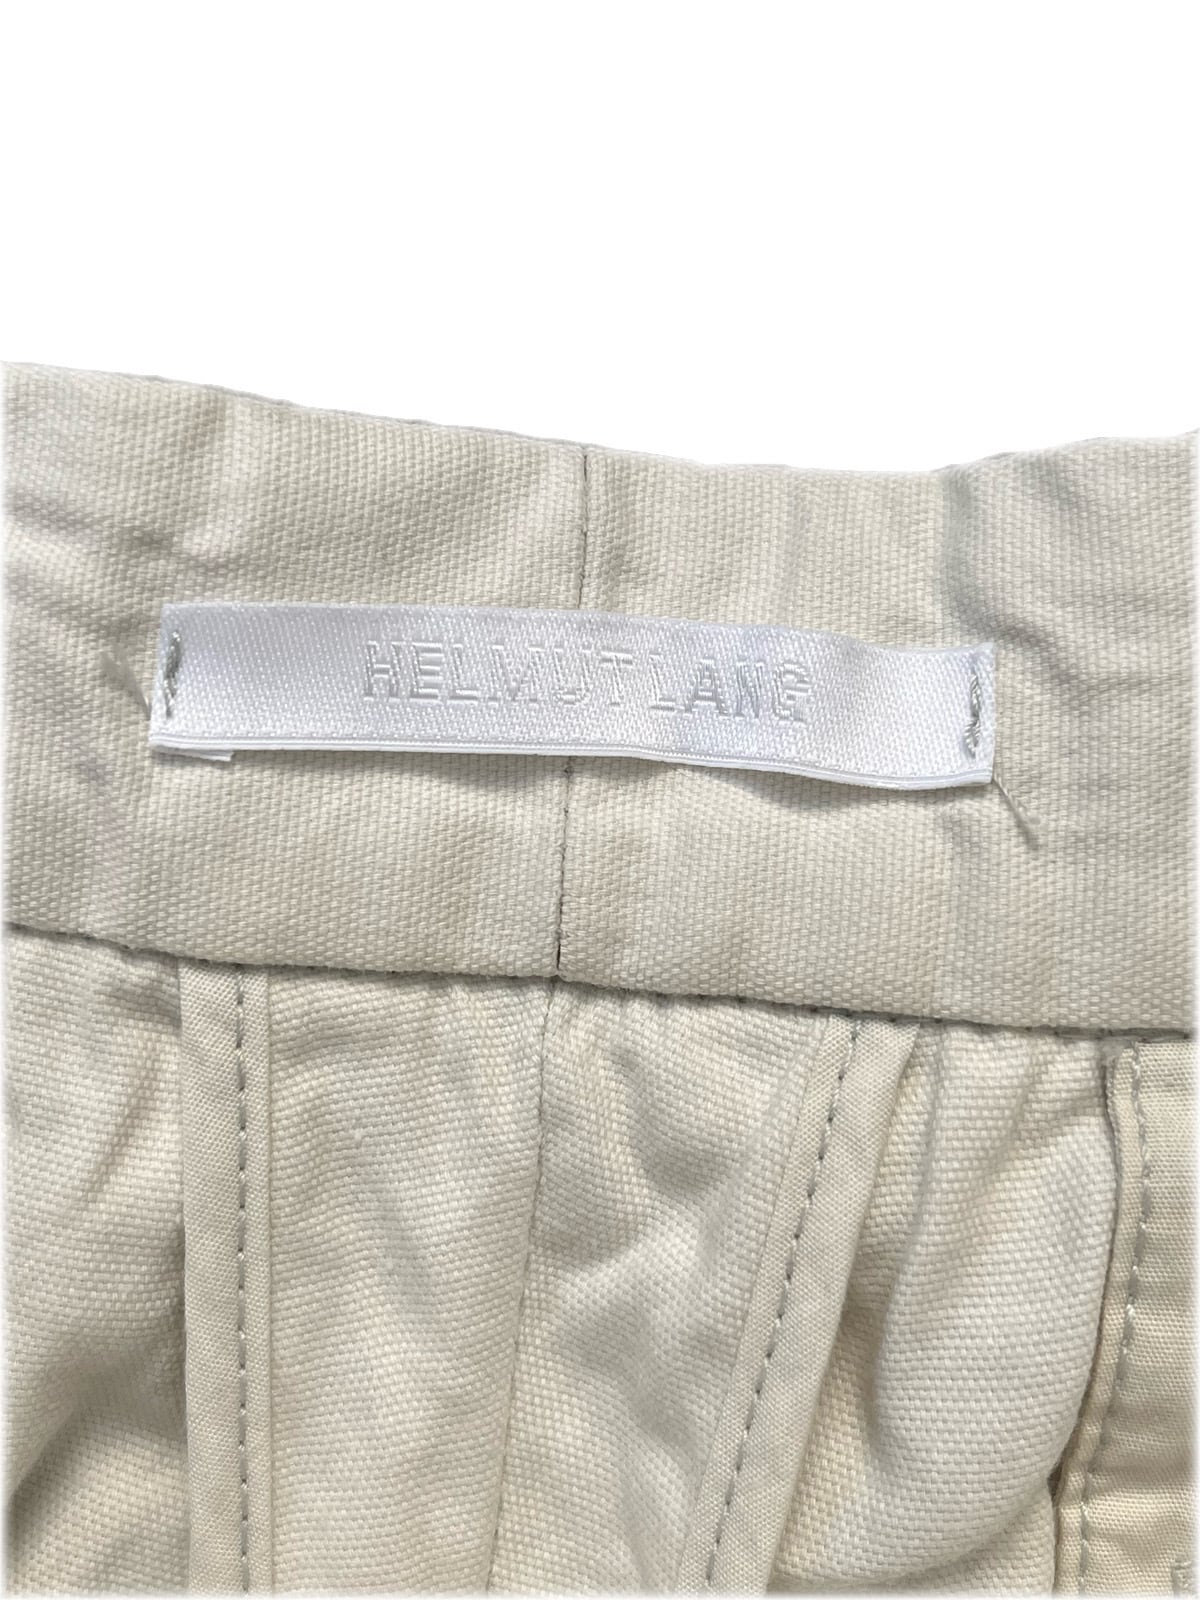 helmut lang ヘルムートラング 本人期 03ss inside out cargo pants
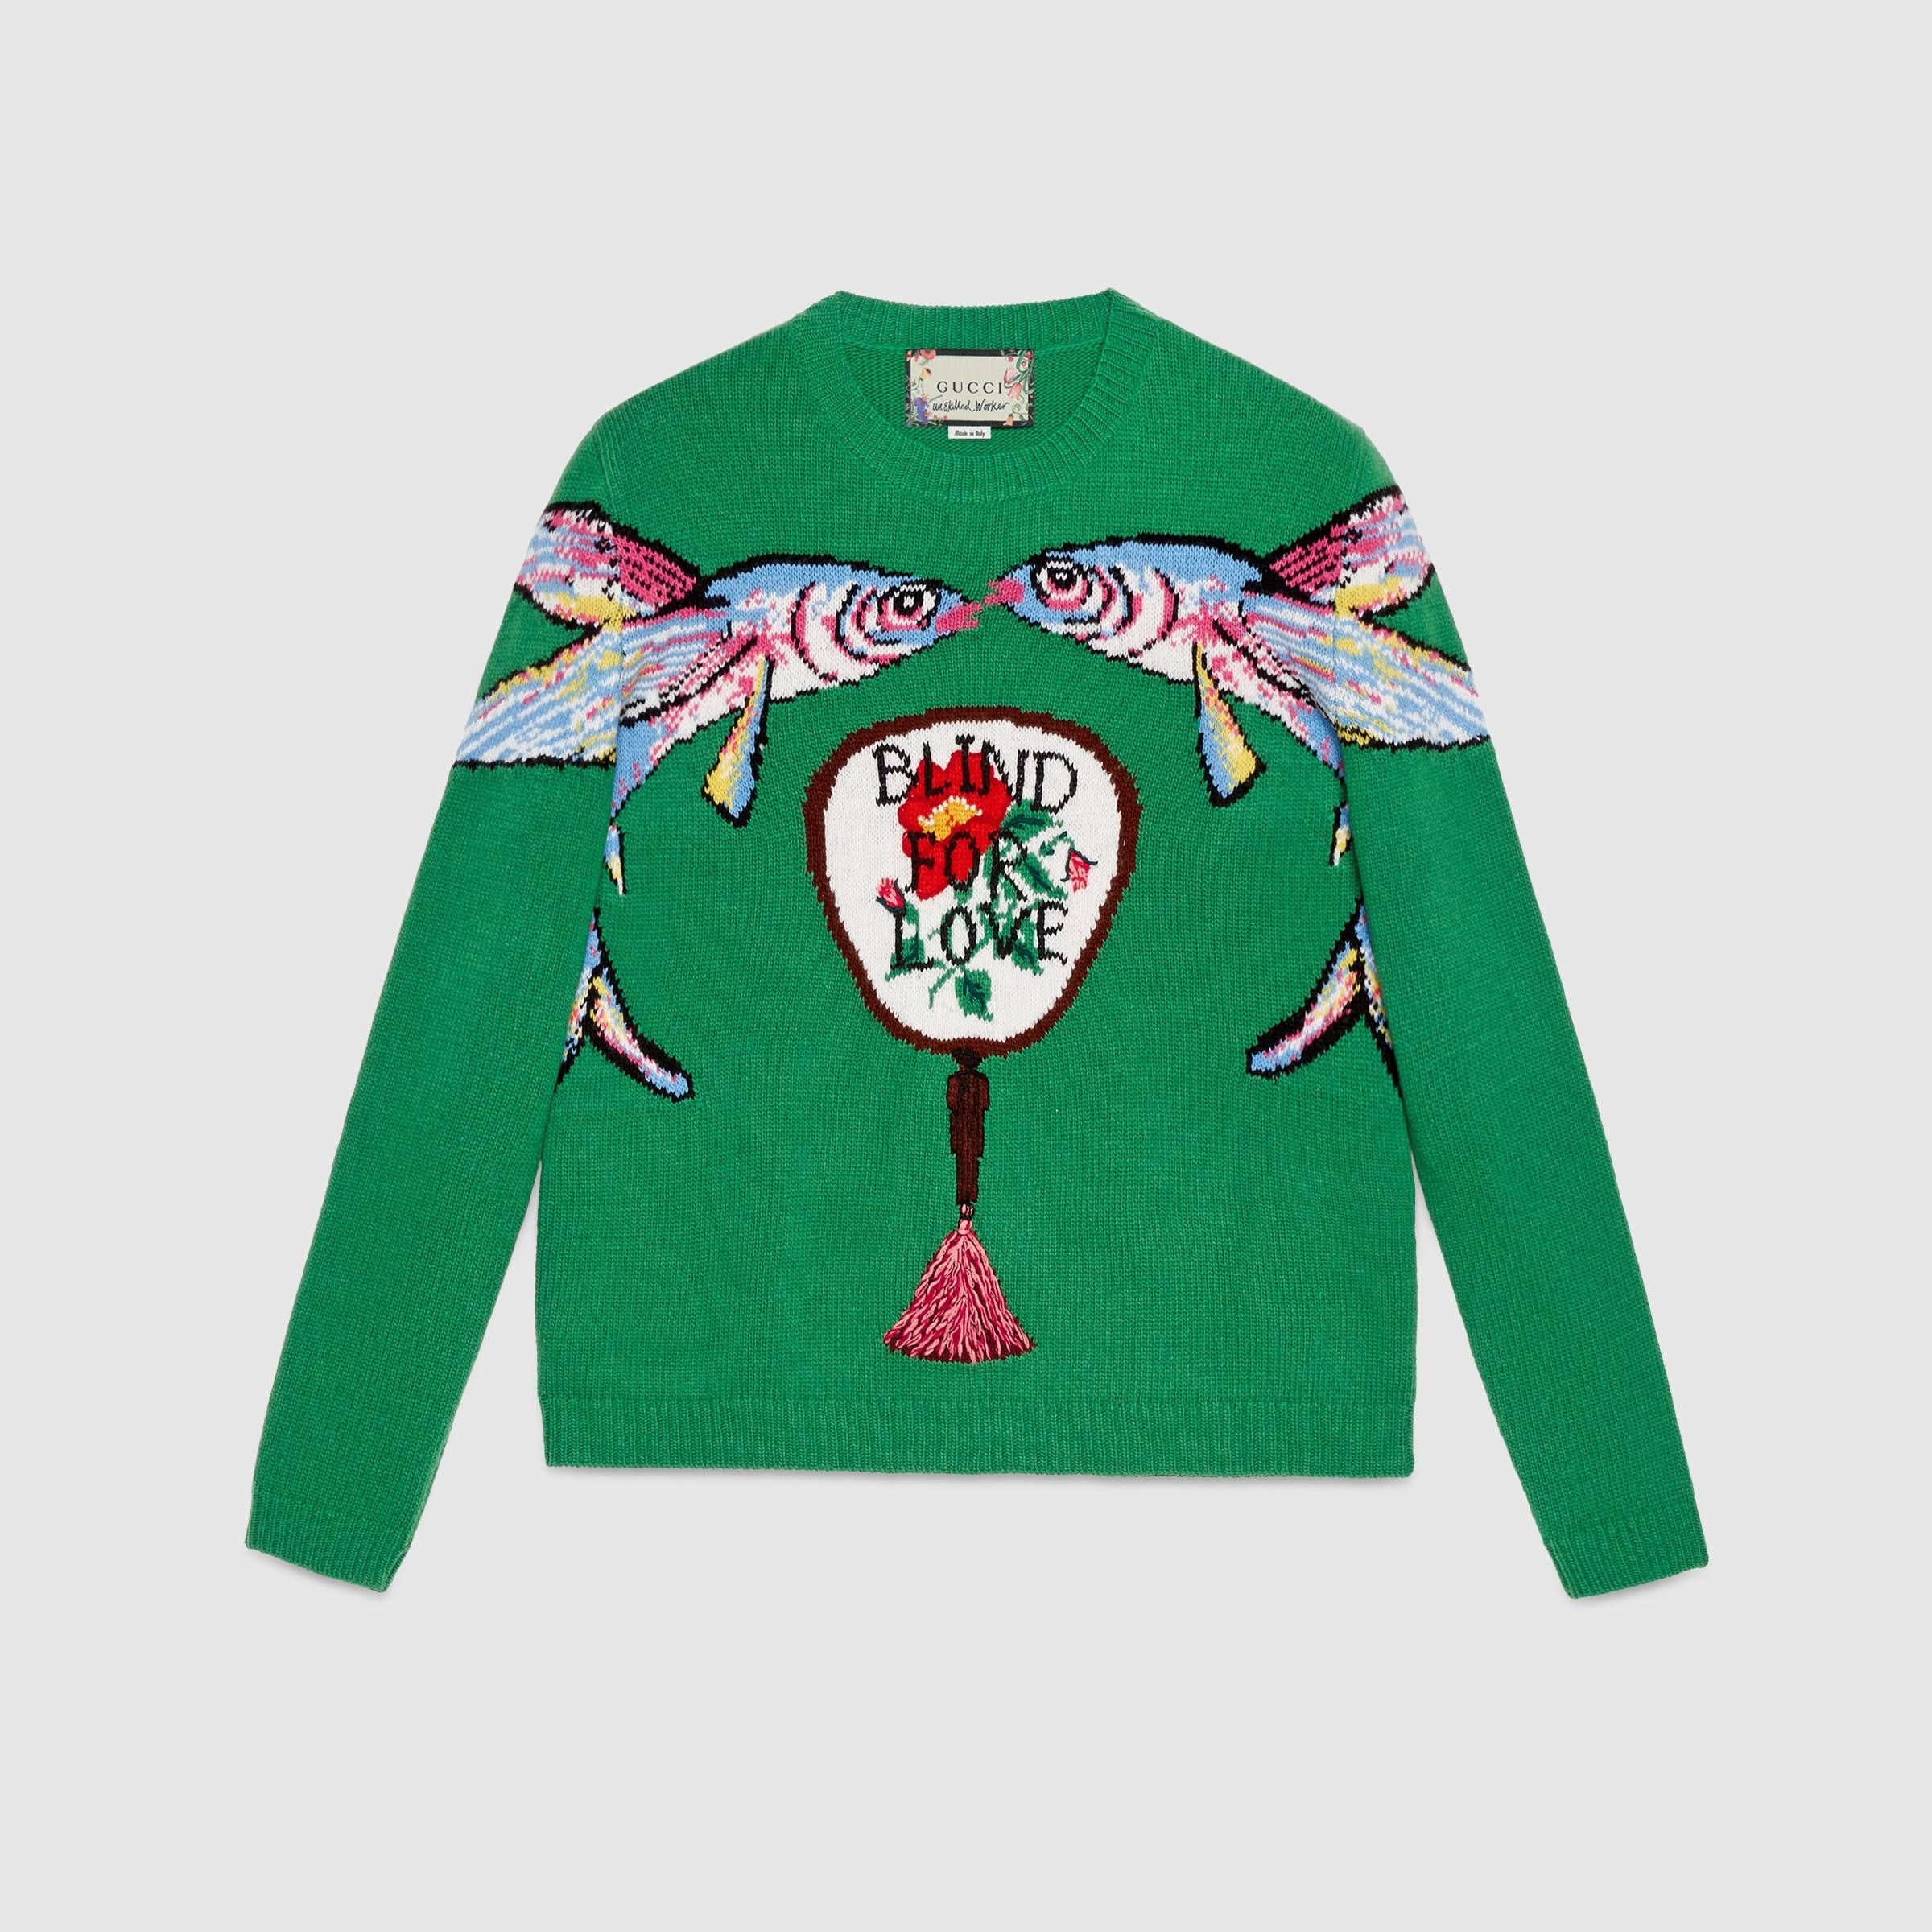 how gucci took back the ‘ugly christmas sweater’ & made you buy it
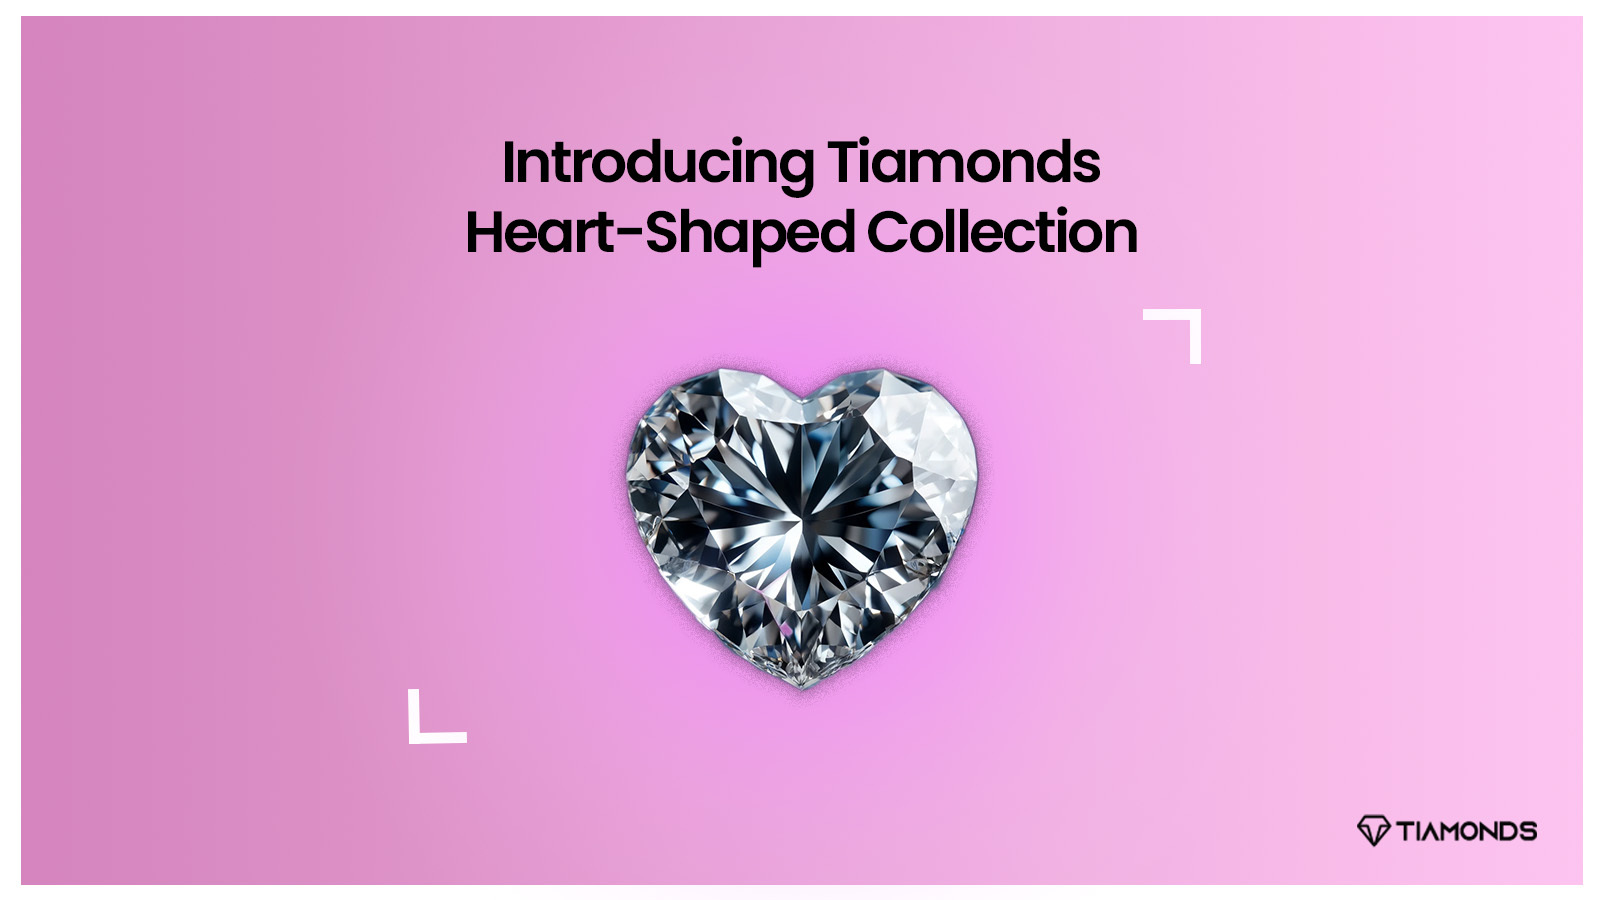 Introducing Tiamonds Heart-Shaped Collection

PROBLEM TO WORK ON
Would you give the data above again word for word, minus the pictures?

WRITTEN RESPONSE
 helmut lang ヘルムートラング 本人期 03ss inside out cargo pants
 how gucci took back the ‘ugly christmas sweater’ & made you buy it
 Introducing Tiamonds Heart-Shaped Collection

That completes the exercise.